* **DATA SEGMENT**
===
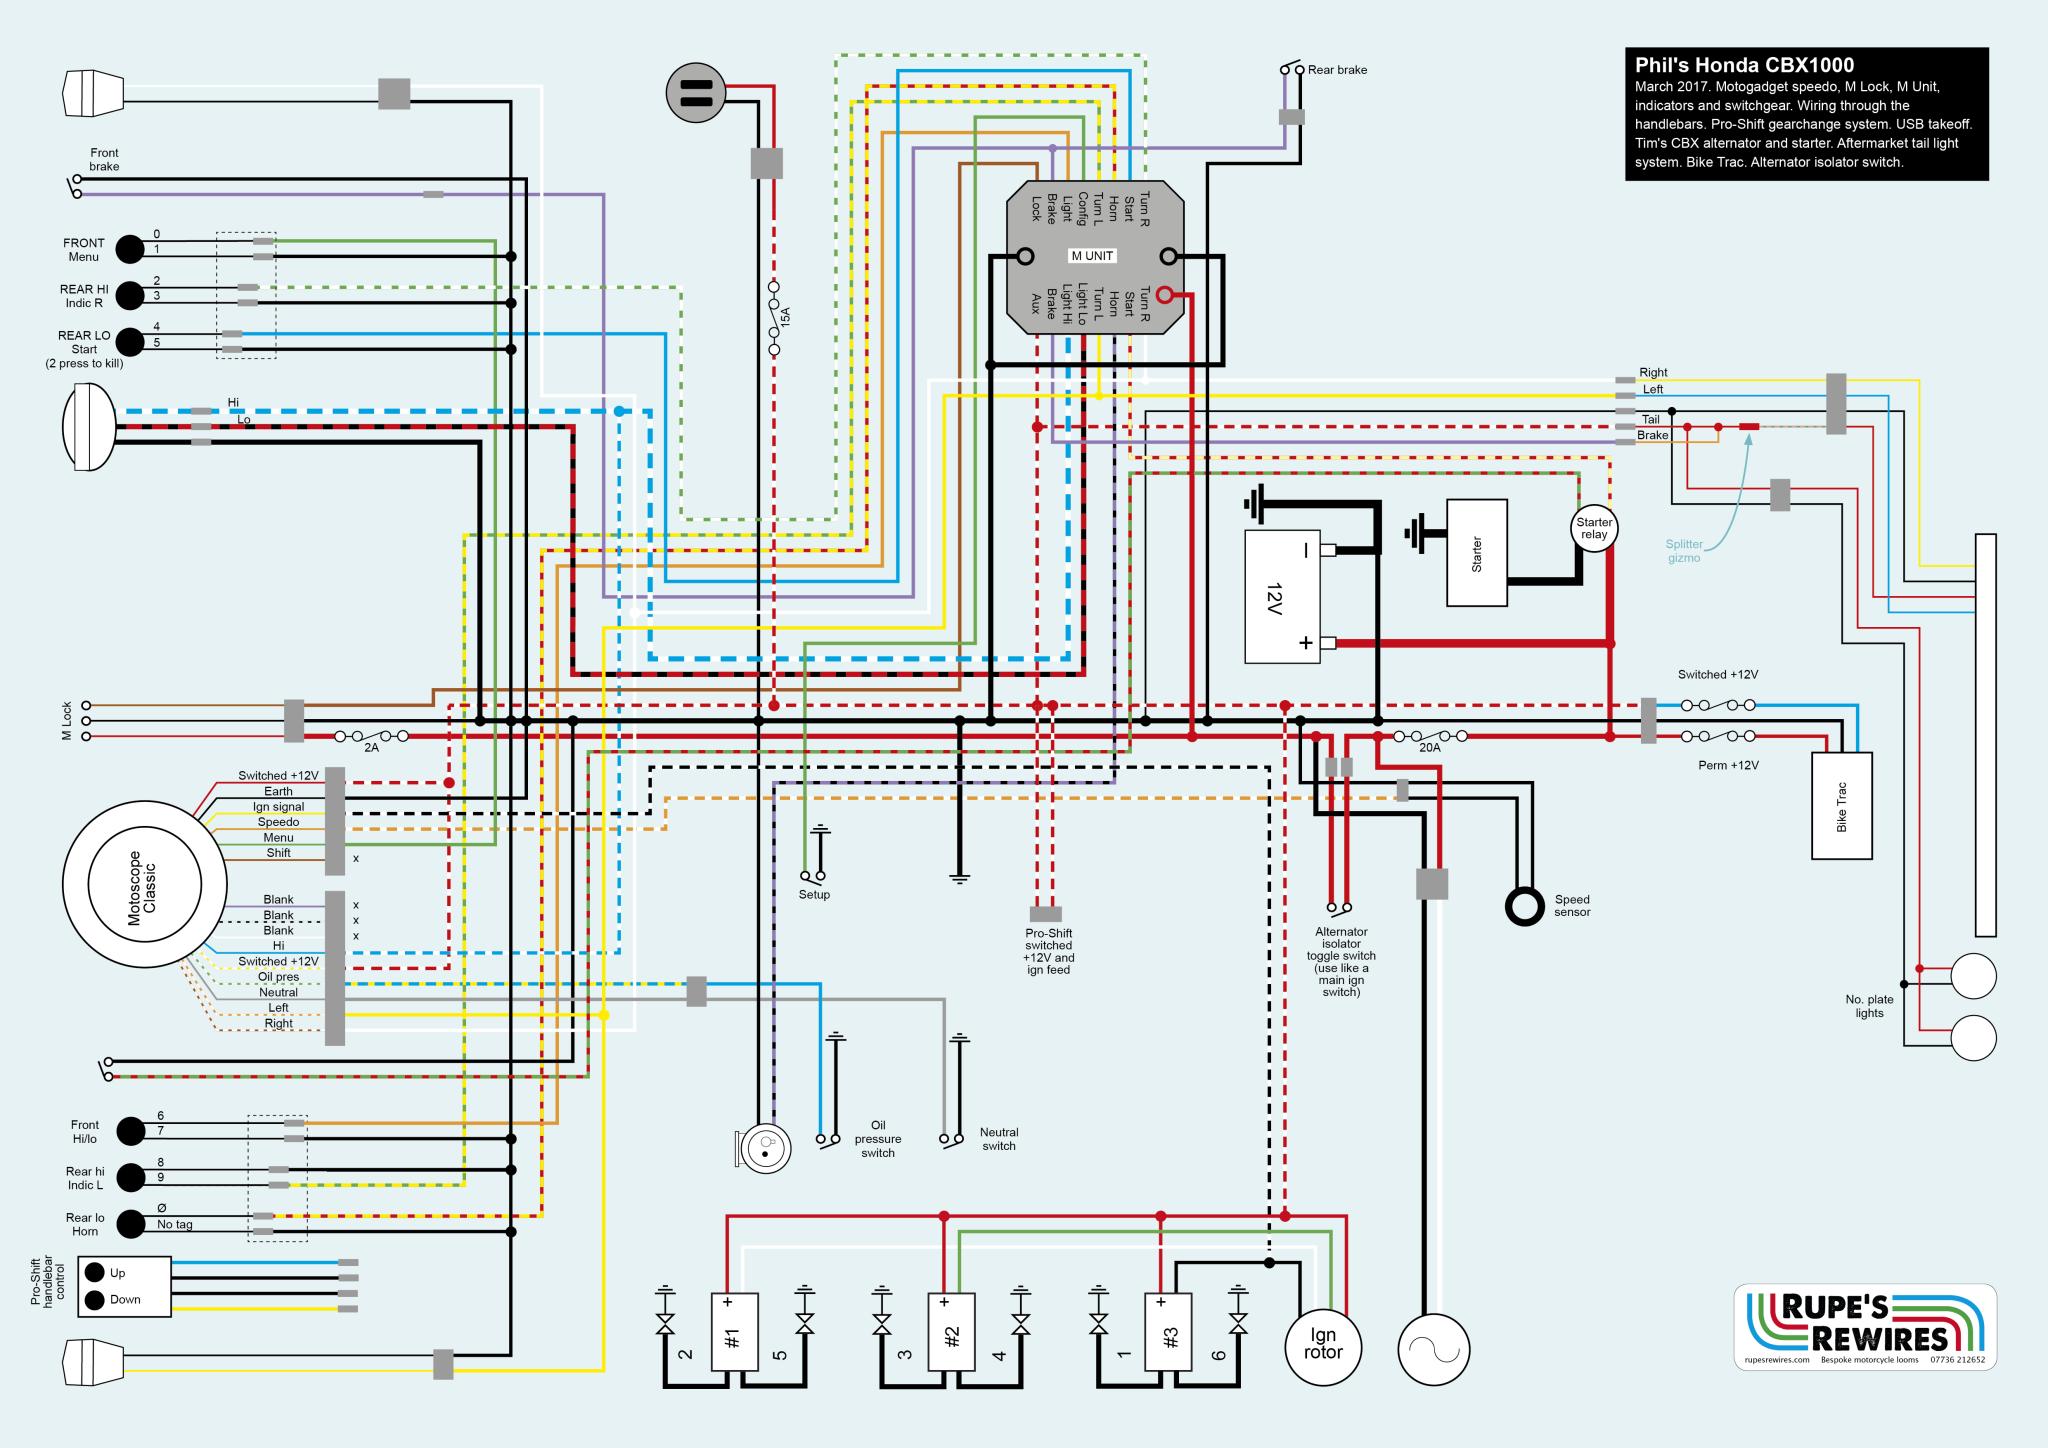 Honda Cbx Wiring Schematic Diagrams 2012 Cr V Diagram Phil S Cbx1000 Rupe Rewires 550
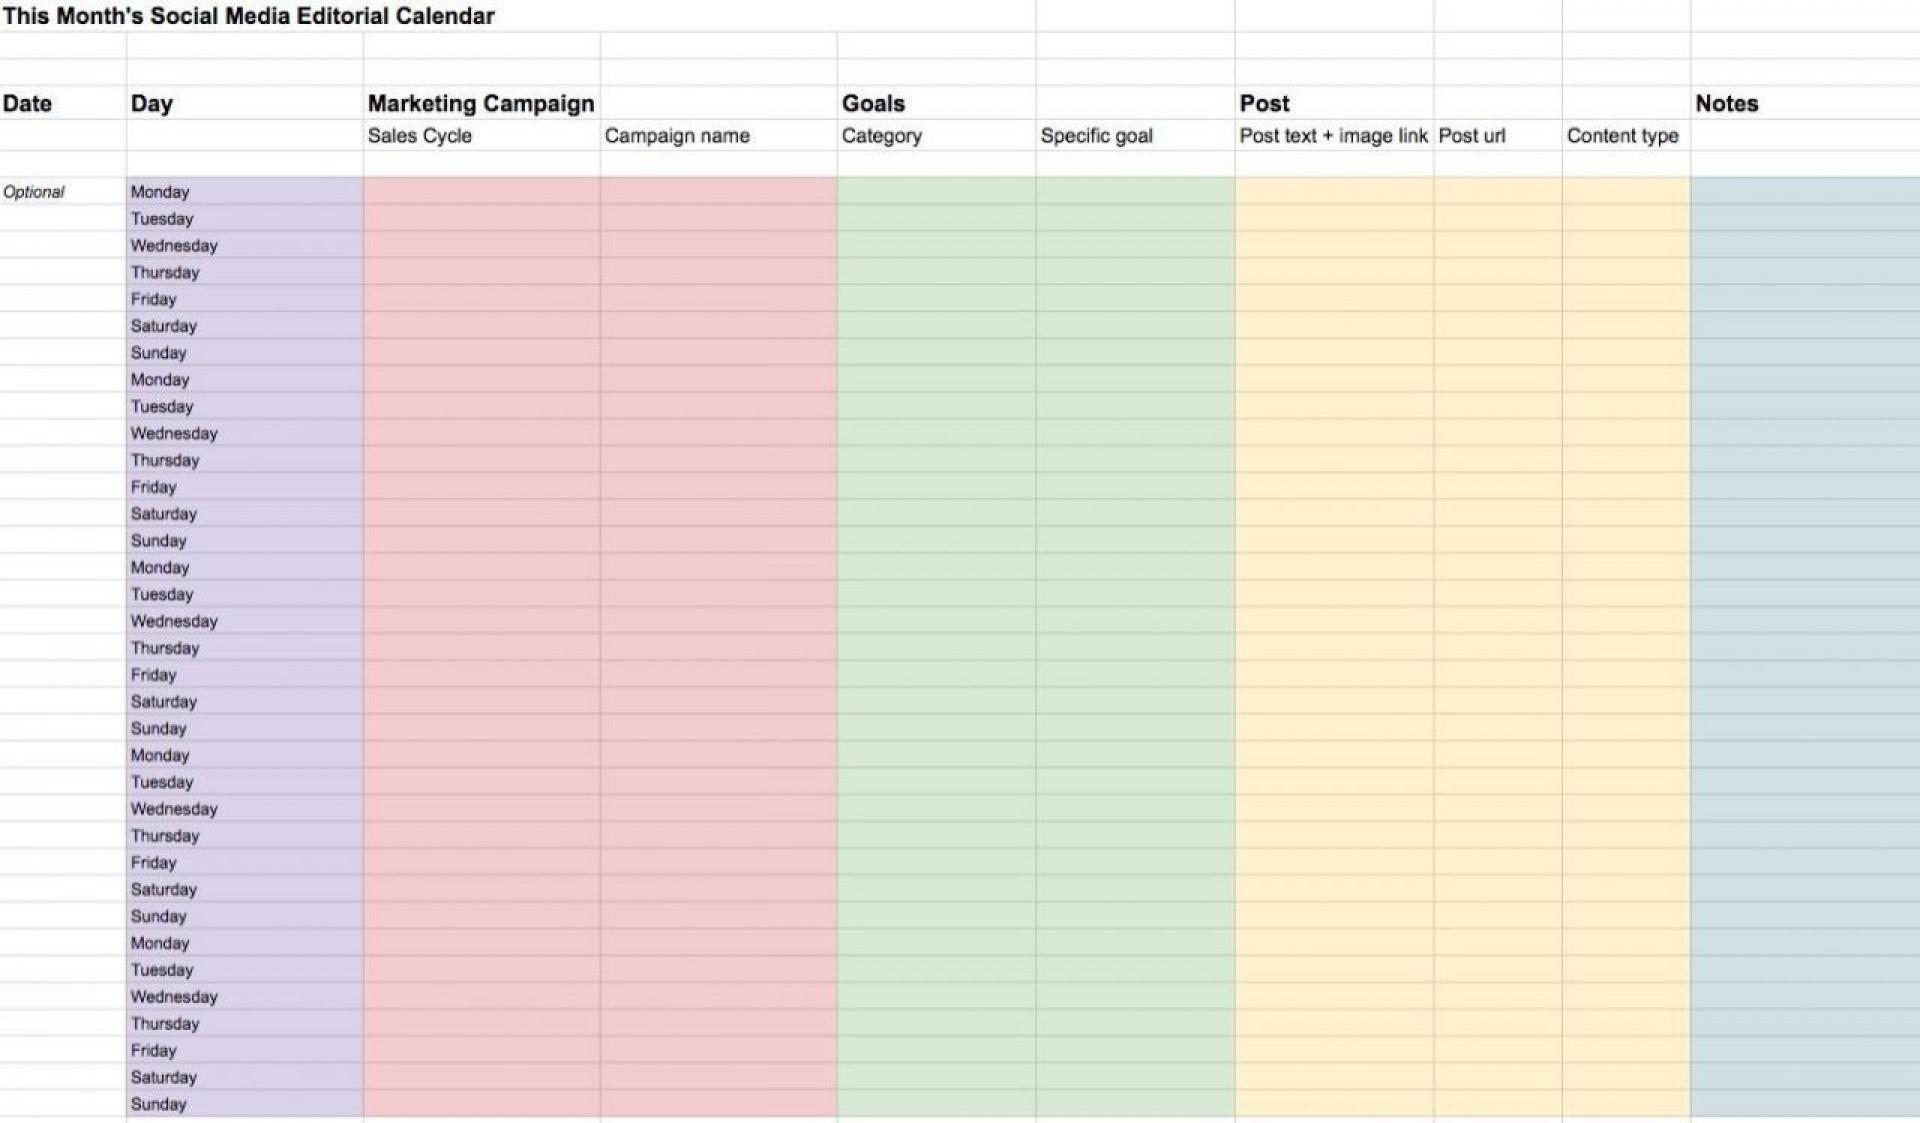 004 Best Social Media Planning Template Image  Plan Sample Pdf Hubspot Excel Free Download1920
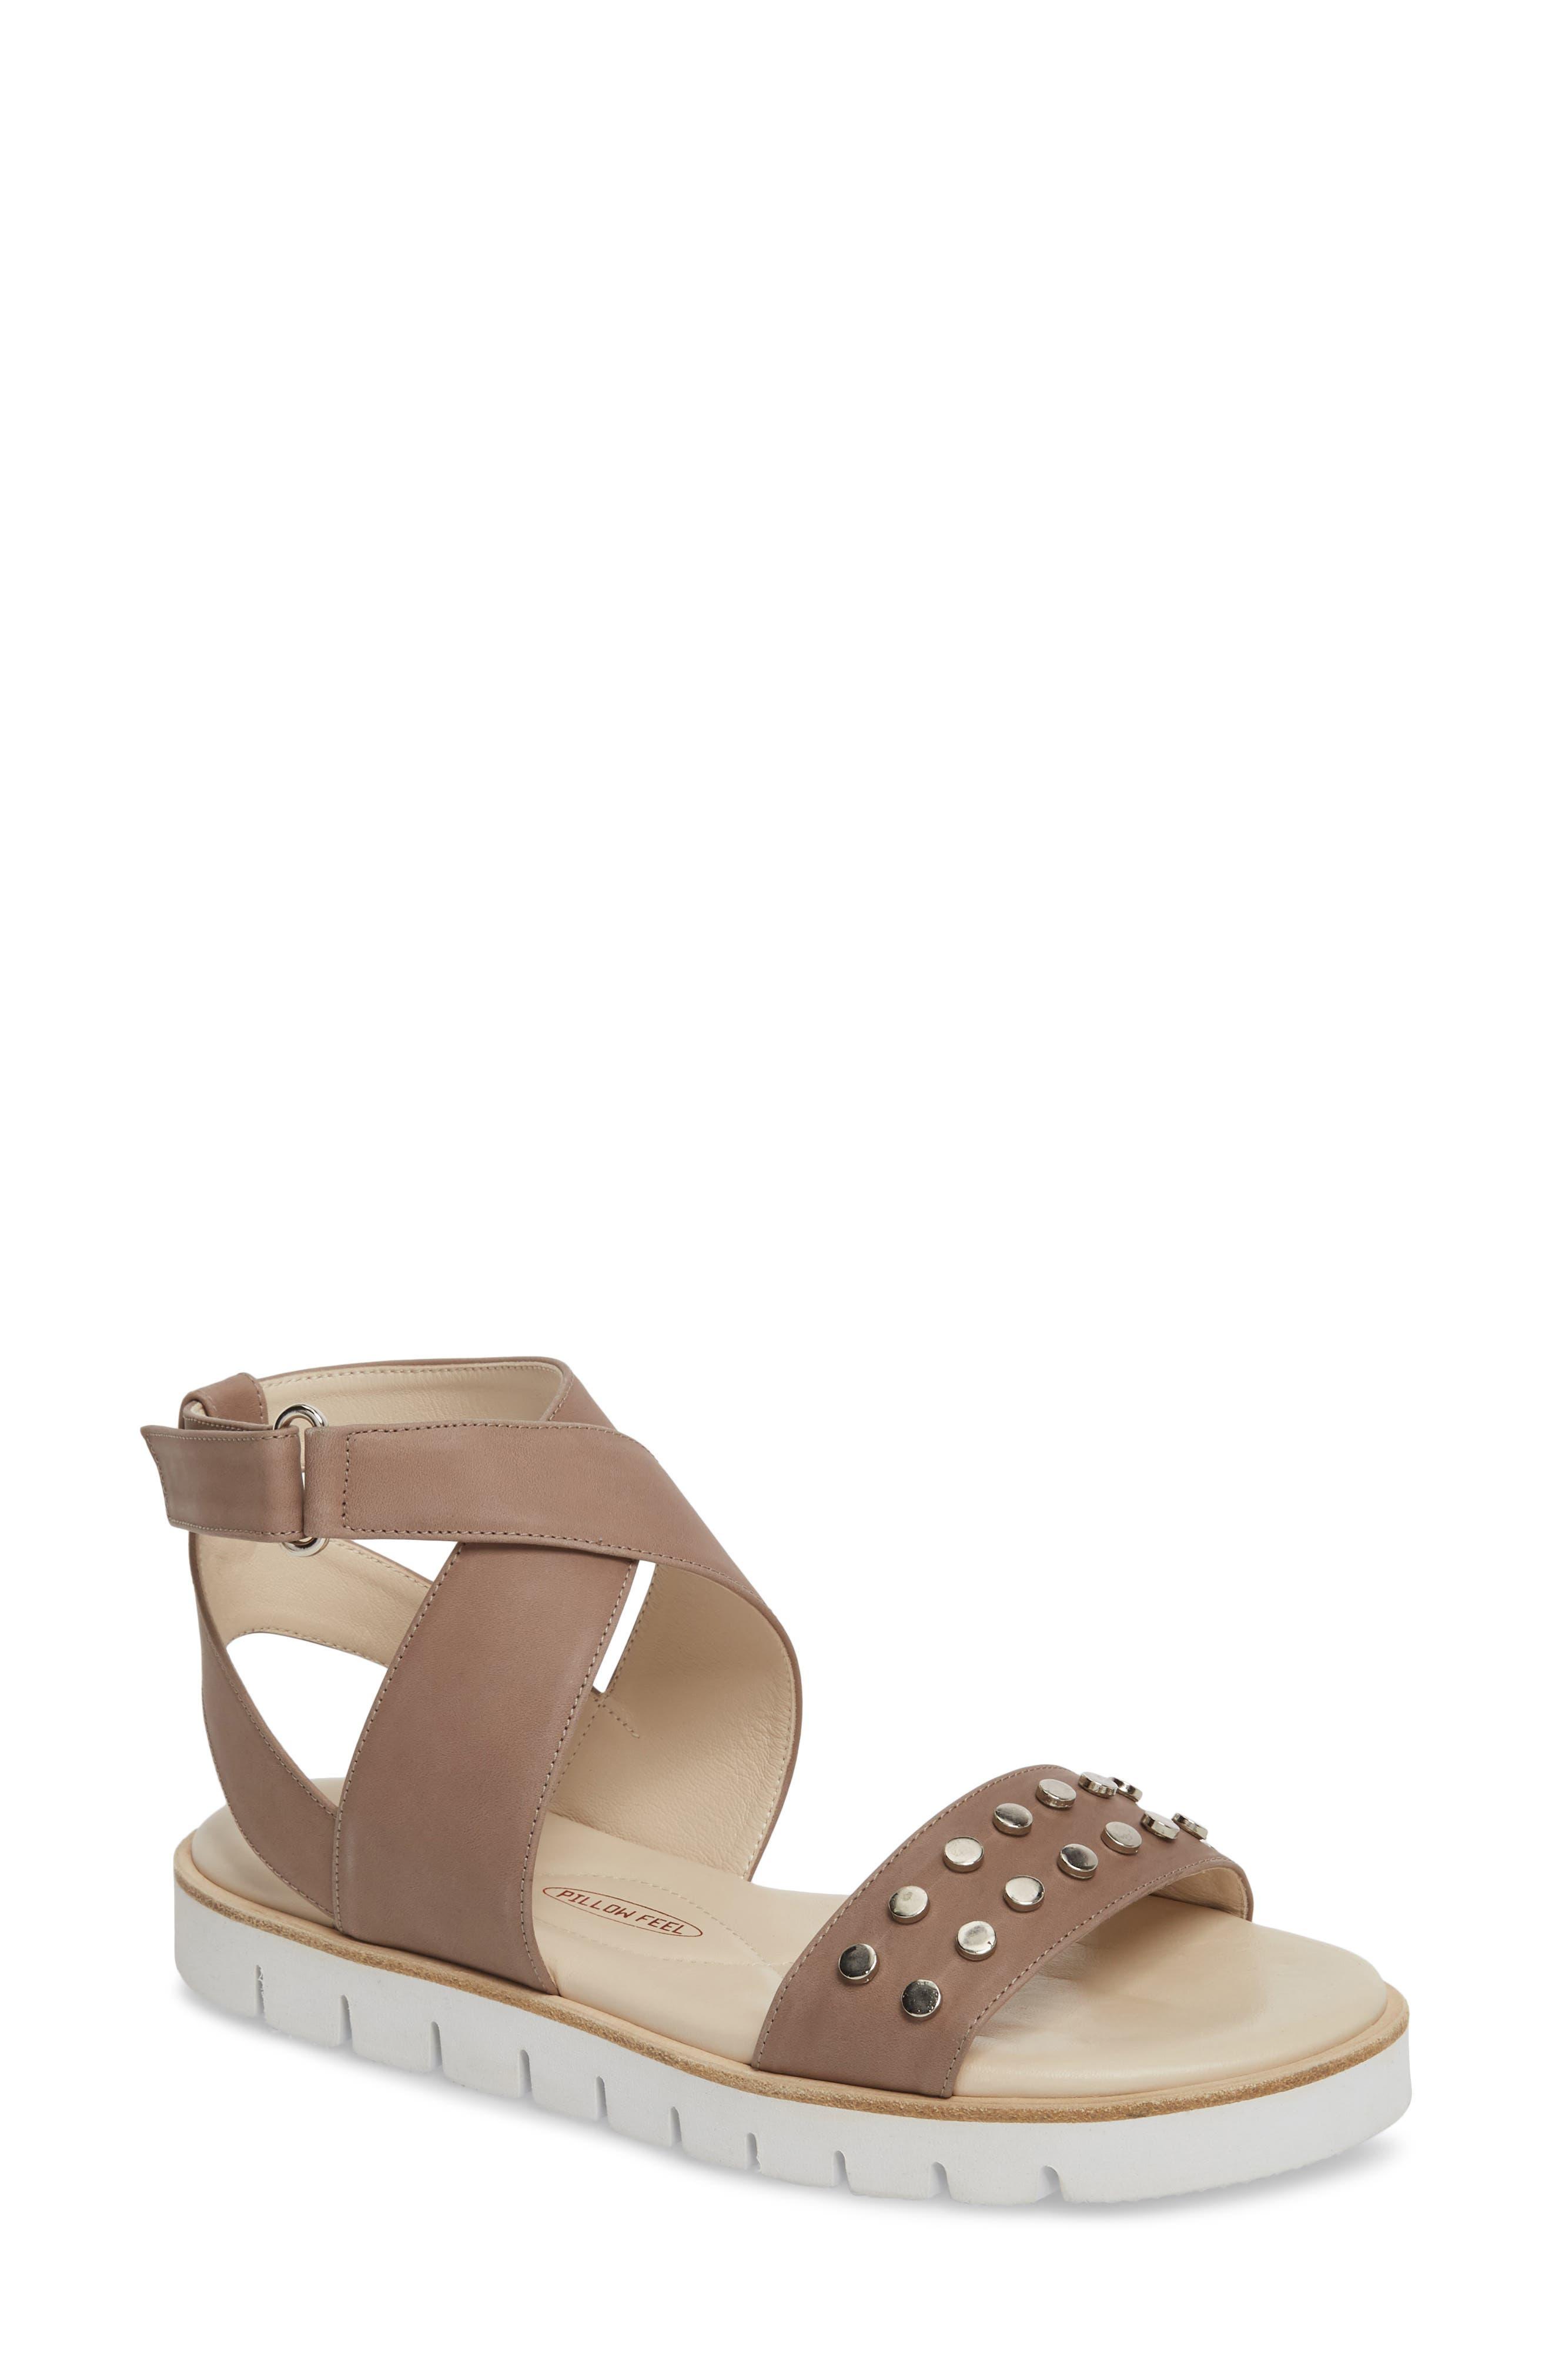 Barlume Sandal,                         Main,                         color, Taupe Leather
===
* **BRIEF**
Where the line holding "004 Best Social" appears, start copying, and continue exactly through the last line of the listing, both ends included, skipping the pictures.

* **TASK RESPONSE**
 004 Best Social Media Planning Template Image  Plan Sample Pdf Hubspot Excel Free Download1920
 Barlume Sandal,                         Main,                         color, Taupe Leather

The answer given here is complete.